In the records below, find the line with "The Adorant /" and the line with "Ghost Recon Future"; return exactly those lines and every line between them.

Data section:
---
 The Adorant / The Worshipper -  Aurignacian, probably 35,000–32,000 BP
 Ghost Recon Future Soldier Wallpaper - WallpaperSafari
---
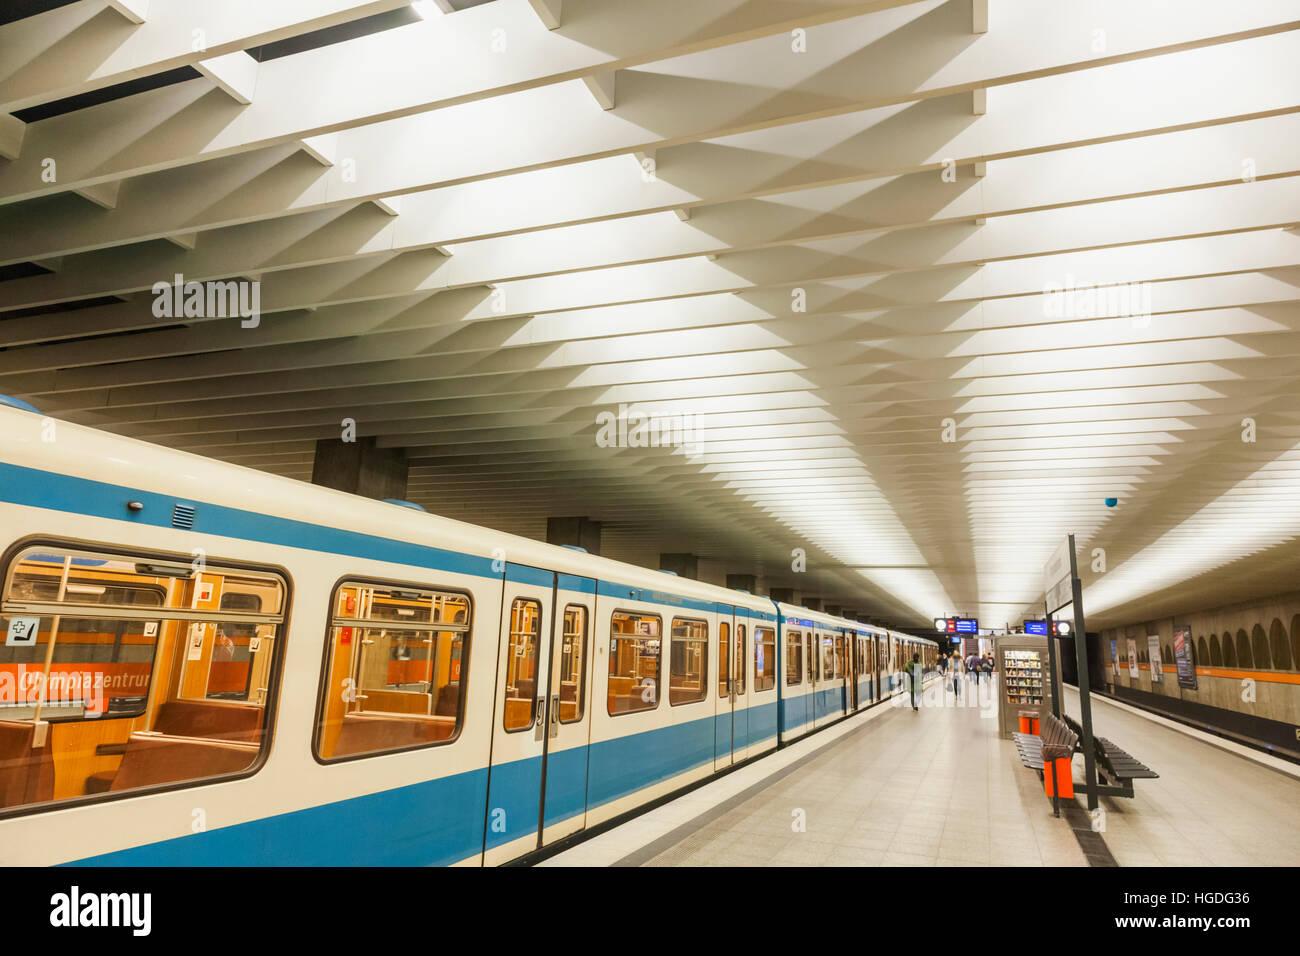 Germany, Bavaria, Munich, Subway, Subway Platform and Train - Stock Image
---
Task output:
 The Adorant / The Worshipper -  Aurignacian, probably 35,000–32,000 BP
 Ghost Recon Future Soldier Wallpaper - WallpaperSafari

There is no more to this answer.